Novel Algorithm Introduction
The introduction of MF-PSO offers a new approach to exploitability minimization, contributing to the methodological diversity in the field.
Demerits
Limited Scope
The focus on discrete-time, discrete-space, stationary settings may limit the applicability of the benchmark suite to other MFG scenarios.
Empirical Focus
The study relies heavily on empirical results, which may not fully capture the theoretical nuances of MFG algorithms.
Expert Commentary
The introduction of Bench-MFG represents a significant step forward in the standardization of evaluation protocols for Mean Field Games. The comprehensive benchmark suite addresses a critical gap in the field, providing researchers with a rigorous framework for assessing the robustness and generalization of various algorithms. The proposed taxonomy and prototypical environments cover a wide range of scenarios, ensuring a thorough evaluation of algorithm performance. The development of MF-Garnets for generating random MFG instances further enhances the robustness of the benchmark suite, facilitating rigorous statistical testing.

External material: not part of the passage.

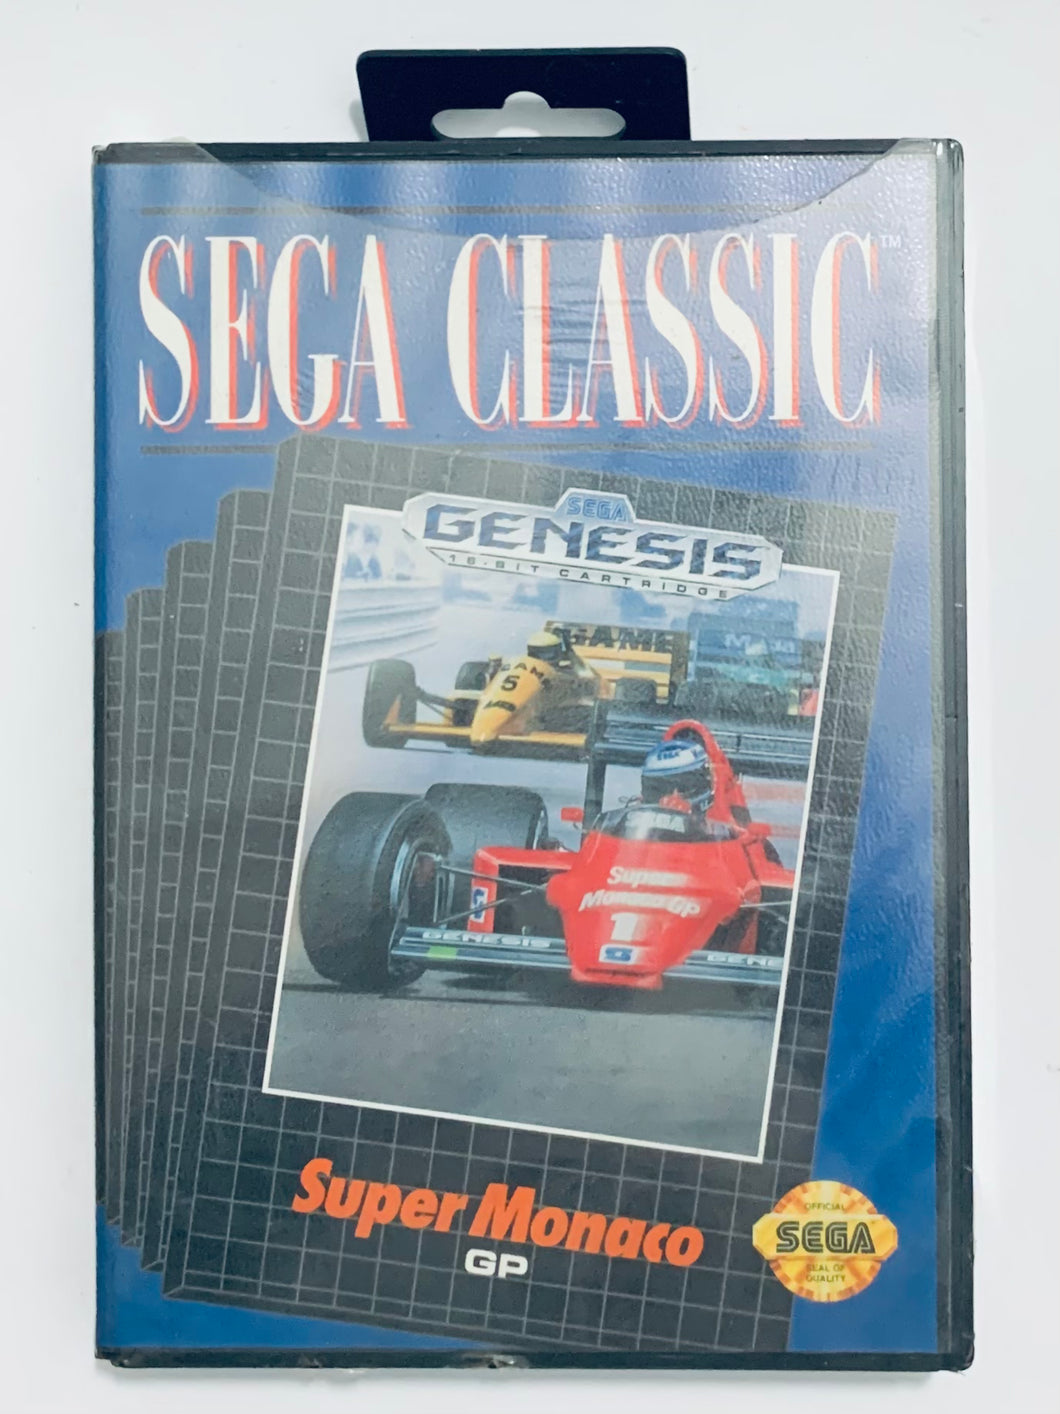 Super Monaco GP (Classic) - Sega Genesis - NTSC - Brand New (1107C)

The introduction of MF-PSO offers a novel approach to exploitability minimization, contributing to the methodological diversity in the field. However, the focus on discrete-time, discrete-space, stationary settings may limit the applicability of the benchmark suite to other MFG scenarios. Additionally, the study's reliance on empirical results may not fully capture the theoretical nuances of MFG algorithms. Despite these limitations, Bench-MFG provides a valuable tool for researchers and practitioners, fostering the development of more robust and generalizable MFG algorithms. The guidelines proposed for future experimental comparisons will likely become a standard in the field, ensuring comparability and reproducibility of results. Overall, the study represents a significant advancement in the field of Mean Field Games and multi-agent systems, with broad implications for both practical applications and policy decisions.
Recommendations
- ✓ Expand the benchmark suite to include continuous-time and continuous-space settings to broaden its applicability.
- ✓ Incorporate theoretical analyses to complement the empirical results, providing a more comprehensive understanding of algorithm performance.